Inflation Could Squeeze Dollar Stores, Too

Caption and graphics courtesy by the Wall Street Journal

Dollar General’s results show rising overall prices are a problem not only for consumers but also for retailers’ input costs.

By guest author Jinjoo Lee from the Wall Street Journal

With U.S. inflation running at a 40-year high, it is getting tougher for consumers to stretch their dollars. That might seem like a bonanza for a retailer like Dollar General, but the picture is actually a bit more complicated.

Dollar General reported on Thursday that same-store sales declined 1.4% in the fourth quarter ended Jan. 28 from a year earlier, which was slightly worse than analyst expectations of a 0.8% decline. Customer traffic dropped, though the average basket size grew. That is partly due to inflation, but shoppers also were buying one more item on average compared with pre-pandemic levels. By the end of 2021, it had grown to an average of six items worth USD 16, up from five items worth USD 13 at the end of 2019.

Inflation is pinching Dollar General in multiple ways. One is on its gross margin line, which was 31.2% in the fourth quarter, a decline of 1.3 percentage points from a year earlier, as transportation and distribution became costlier. Capital expenditures are another issue; higher steel costs are expected to make new store openings more expensive, said Chief Executive Todd Vasos on an earnings call. For 2022, capex is set to be roughly 4 % of revenue, higher than the typical range of 2.5 % to 3 %.

Dollar General is trying to compensate. Notably, the retailer plans to rely less on third parties for hauling goods. By the end of 2022, its private fleet is expected to comprise 40 % of the tractors used to transport goods from distribution centers to stores, up from 20 % at the end of 2021. It also is continuing its rollout of self-distribution on frozen and refrigerated items, which already is yielding cost savings.

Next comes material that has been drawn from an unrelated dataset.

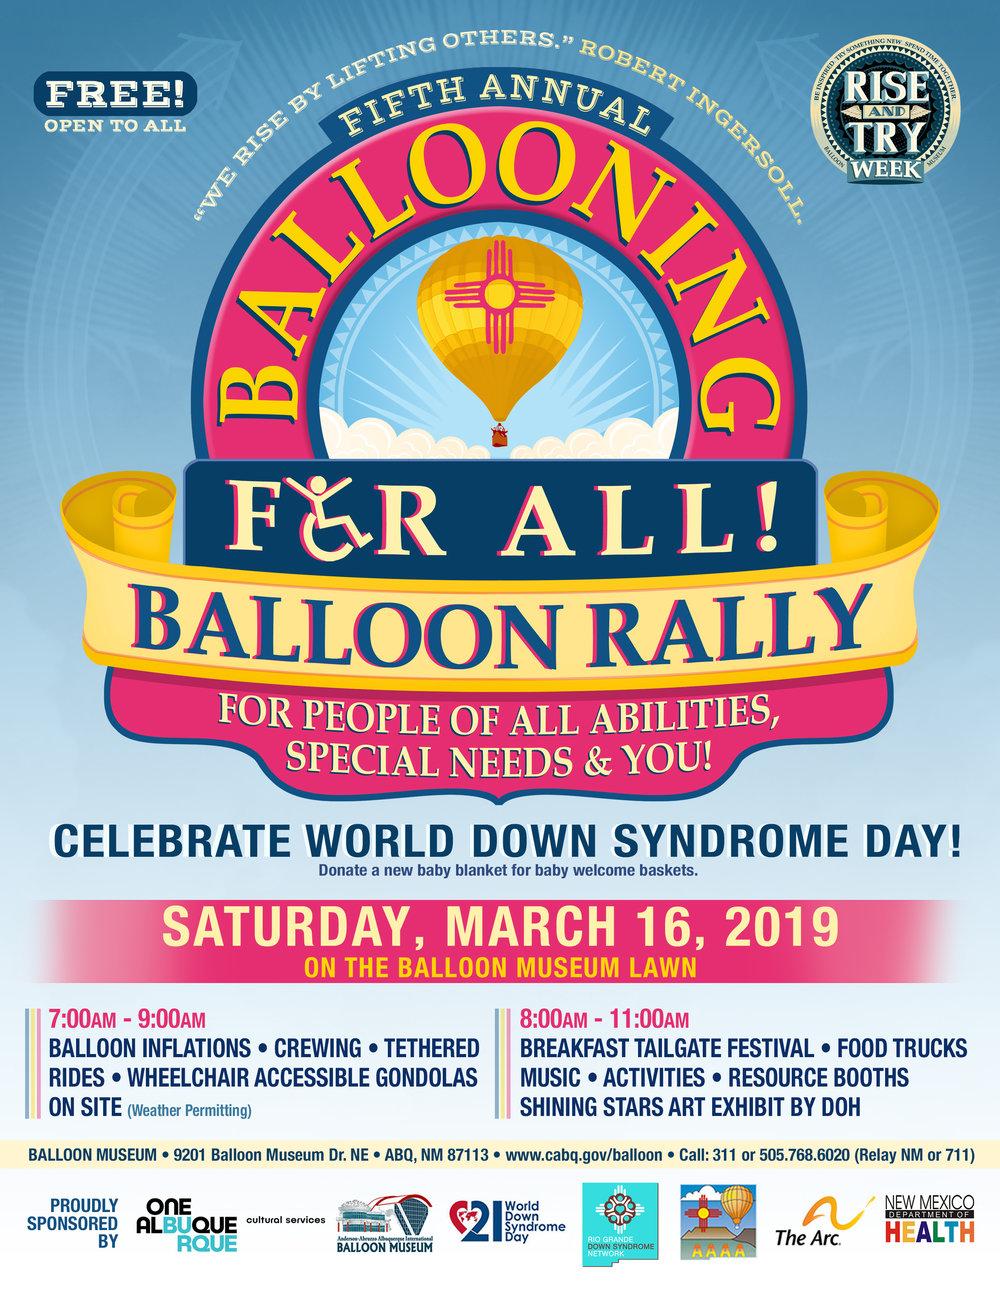 Ballooning For All Day Flyer 2019.jpg

The more concerning—and unpredictable—effect of inflation is what it might do to the economic health of low-income people who comprise Dollar General’s core customer base. One worrying indicator is that inflation has been outpacing growth in wages for almost a year. Federal stimulus payments and expanded child tax credits also both ended last year, taking away an important boost to wallets. While there is consensus that lower-income consumers are getting pressured, there is divergence among analysts on what that means for dollar stores.

Bulls say that a stretched consumer should boost traffic as long as the job market is so robust. Mr. Vasos was upbeat, saying that the economic health of low-income consumers depends on whether they are employed. He also said that when gasoline prices hit $4 a gallon, consumers tend to stay closer to home. That should be an advantage to Dollar General, whose stores tend to be closer to homes compared with larger retailers.

But things could look worse first before they get better. Scot Ciccarelli, analyst at Truist Securities, notes that going into the 2007-09 recession, as low-income consumers started getting squeezed first by sharply rising food and gas prices, same-store sales at dollar stores declined toward the end of 2007. Only starting in 2008, when unemployment levels started spiking, hitting higher-income consumers too, did dollar stores begin thriving as more shoppers traded down.

Better-than-expected growth at Dollar General could, unfortunately, end up being a negative indicator for the U.S. economy overall.